Date : 20250211
Dossier : IMM-11664-23
Référence : 2025 CF 265
[TRADUCTION FRANÇAISE]
Ottawa (Ontario), le 11 février 2025
En présence de monsieur le juge Favel
ENTRE : |
MARJORIE CASTRO NGIAO |
demanderesse |
et |
LE MINISTRE DE LA CITOYENNETÉ ET DE L’IMMIGRATION |
défendeur |
JUGEMENT ET MOTIFS
I. Aperçu
[1] Marjorie Castro Ngiao [la demanderesse], une citoyenne des Philippines âgée de 50 ans, sollicite le contrôle judiciaire d’une décision rendue le 1er septembre 2023 par un agent d’Immigration, Réfugiés et Citoyenneté Canada [IRCC]. L’agent a rejeté la troisième demande de résidence permanente présentée par la demanderesse à titre de membre de la catégorie des aides familiaux résidants, laquelle demande était assortie d’une demande de dispense pour considérations d’ordre humanitaire.

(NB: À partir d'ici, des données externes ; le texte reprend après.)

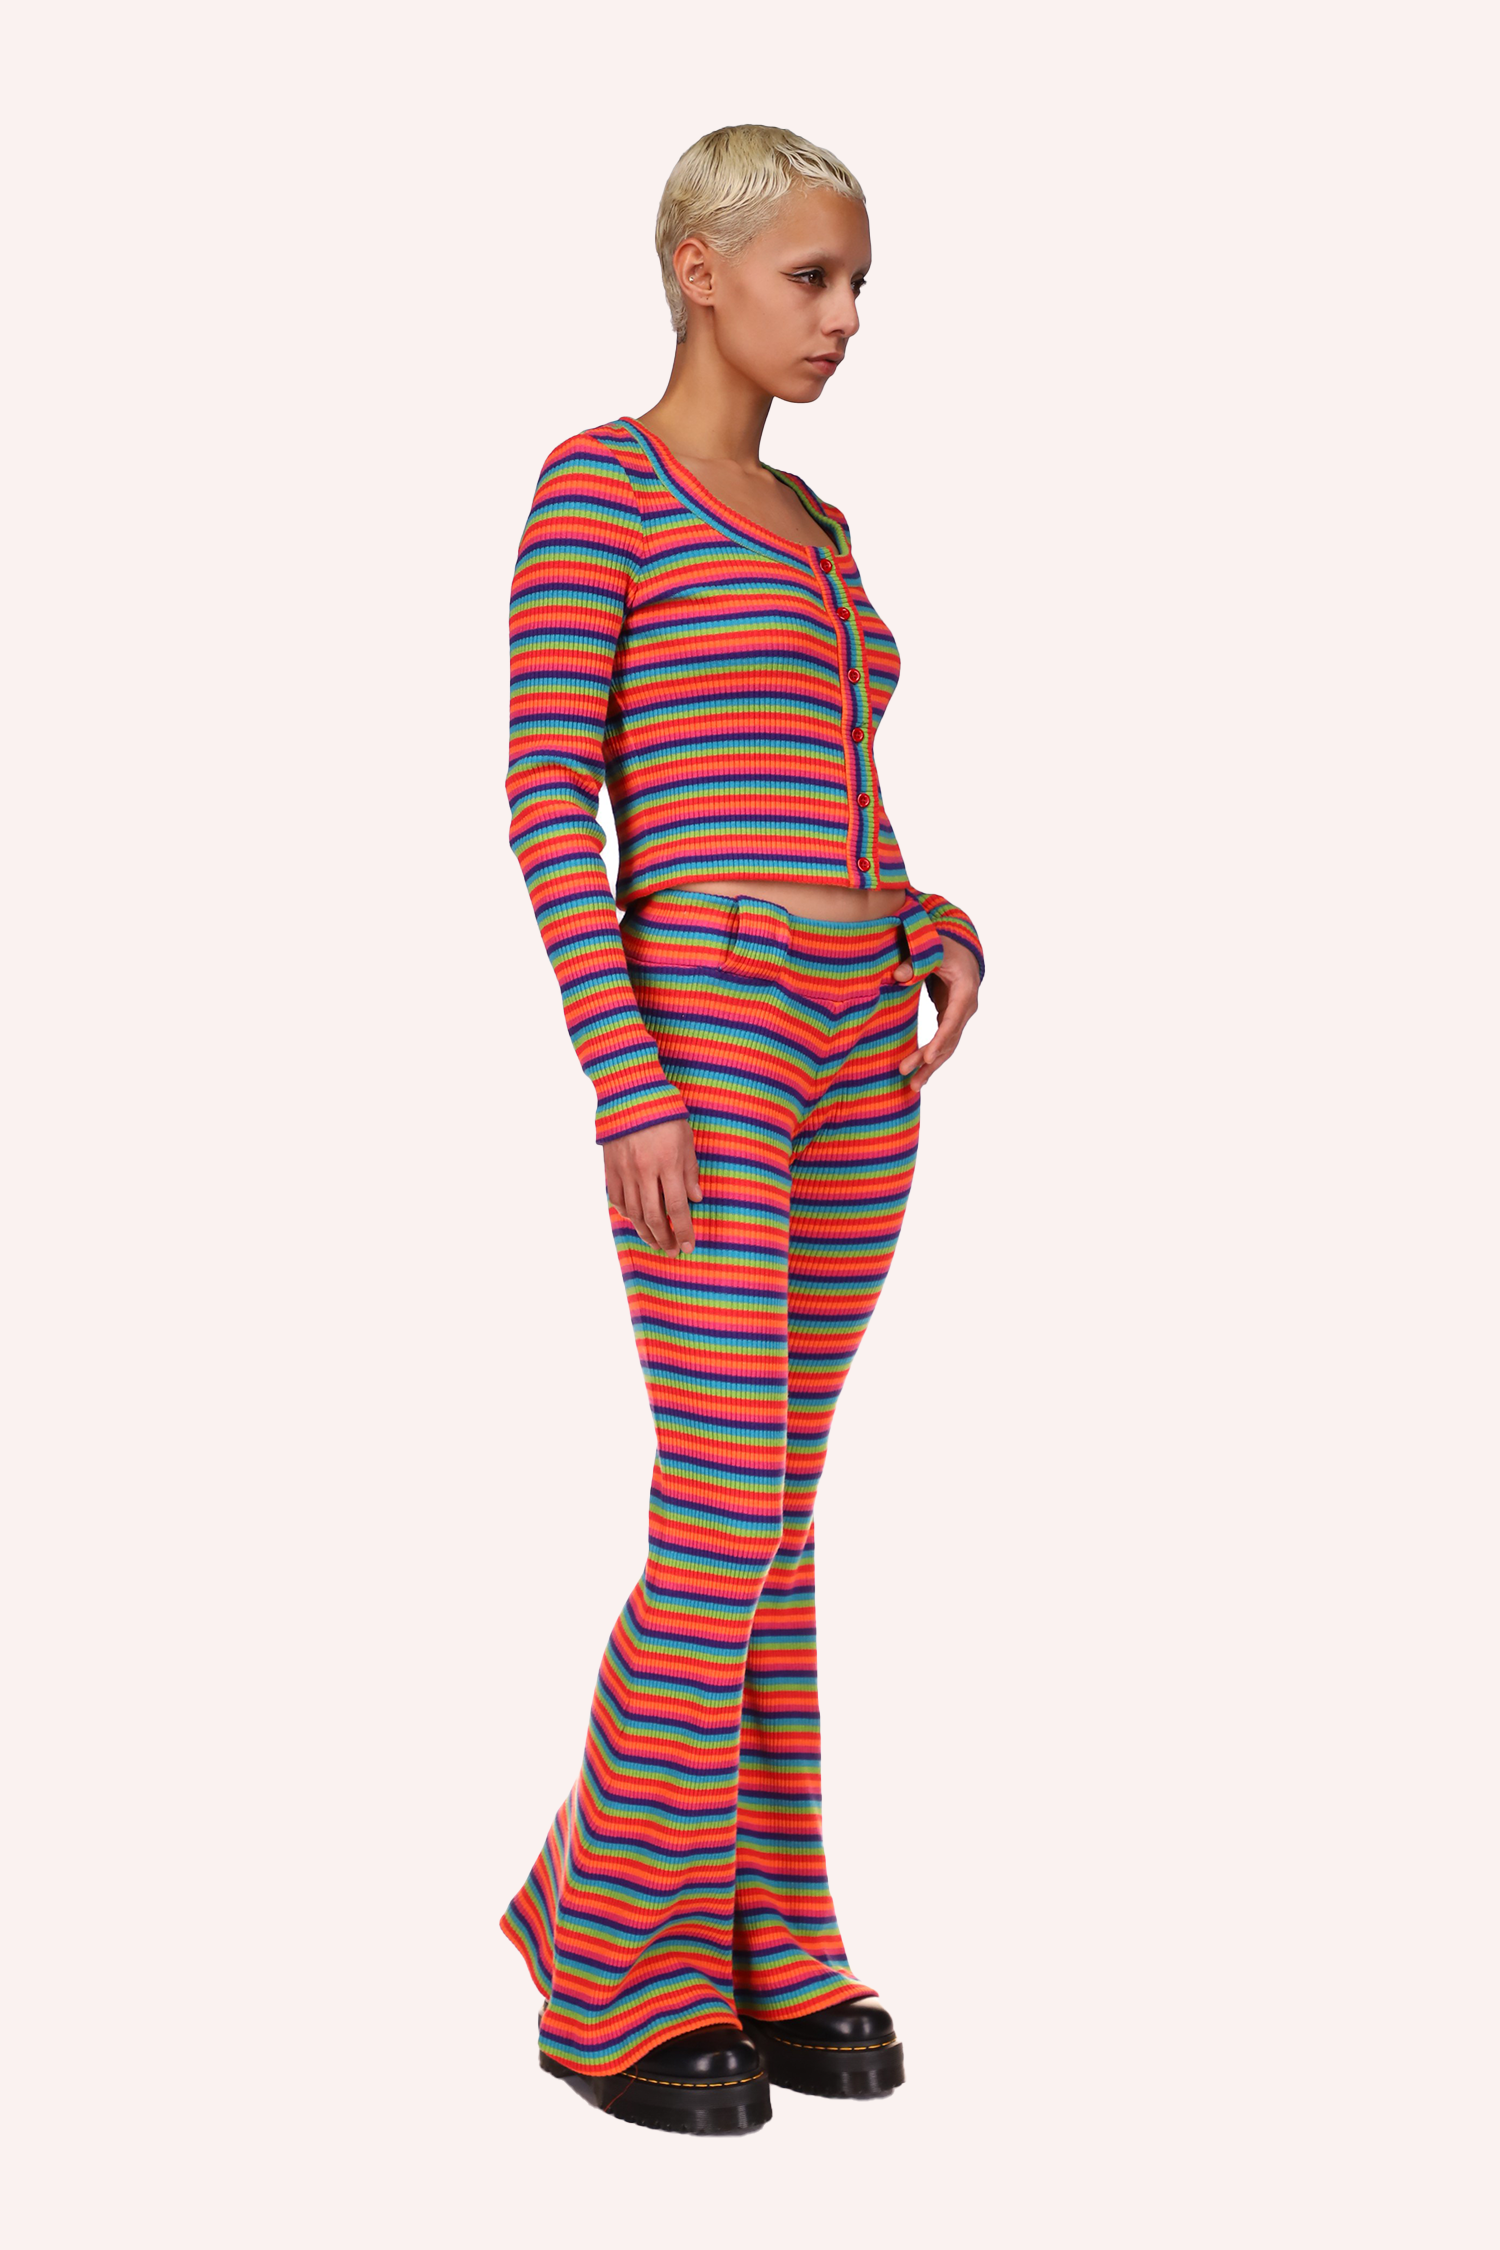 Rainbow Stripe Sweater goes to the hips and stops at the belly button, the sleeves are long and cover the wrists

[2] J’accueillerai la présente demande de contrôle judiciaire. L’agent a commis une erreur dans son analyse des facteurs liés à l’établissement.
II. Contexte
[3] La demanderesse est divorcée. Elle a trois enfants et deux petits-enfants qui vivent tous aux Philippines. Elle est entrée au Canada le 15 novembre 2009 en tant que travailleuse étrangère temporaire dans le cadre du Programme des aides familiaux résidants [PAFR]. Elle a plus tard obtenu un deuxième permis de travail.

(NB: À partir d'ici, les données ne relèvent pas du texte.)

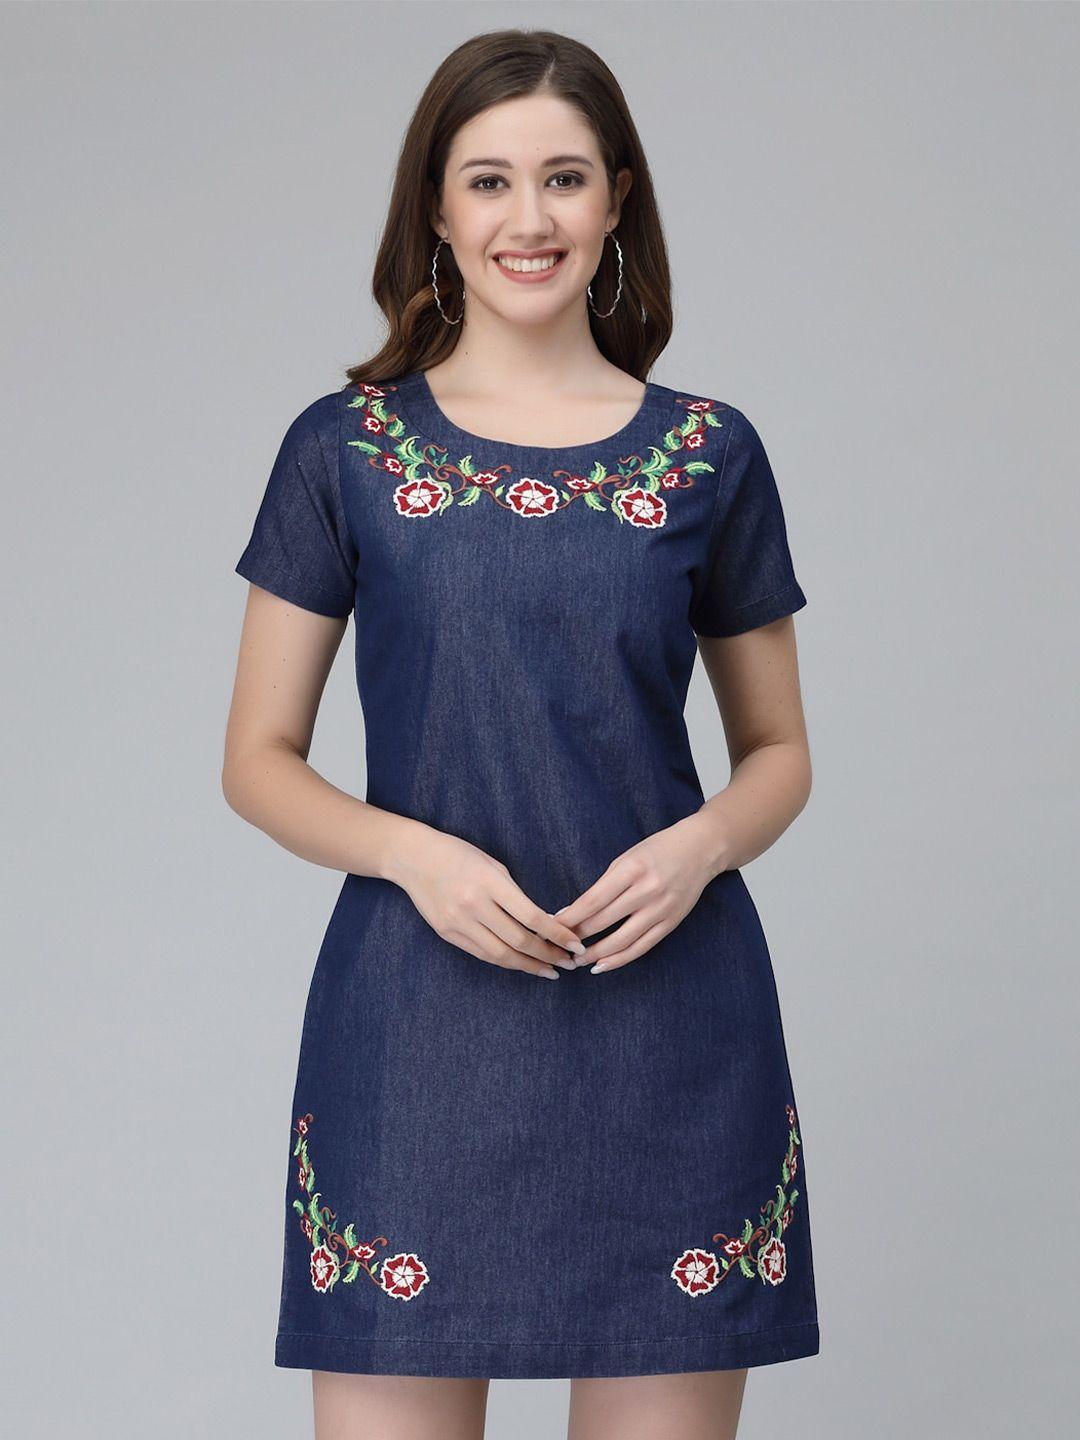 wool trees floral embroidered denim a-line mini dress

[4] La demanderesse a présenté ses demandes de résidence permanente et de permis de travail dans le cadre d’un processus qui est devenu assez compliqué. Il suffit de dire que la résidence permanente et le permis de travail lui ont été refusés. La demanderesse a reçu l’ordre de quitter le Canada. Avec l’aide d’un consultant en immigration, elle a présenté une demande de réexamen de sa demande de résidence permanente. En janvier 2016, la demande de réexamen de la demande de résidence permanente a été rejetée.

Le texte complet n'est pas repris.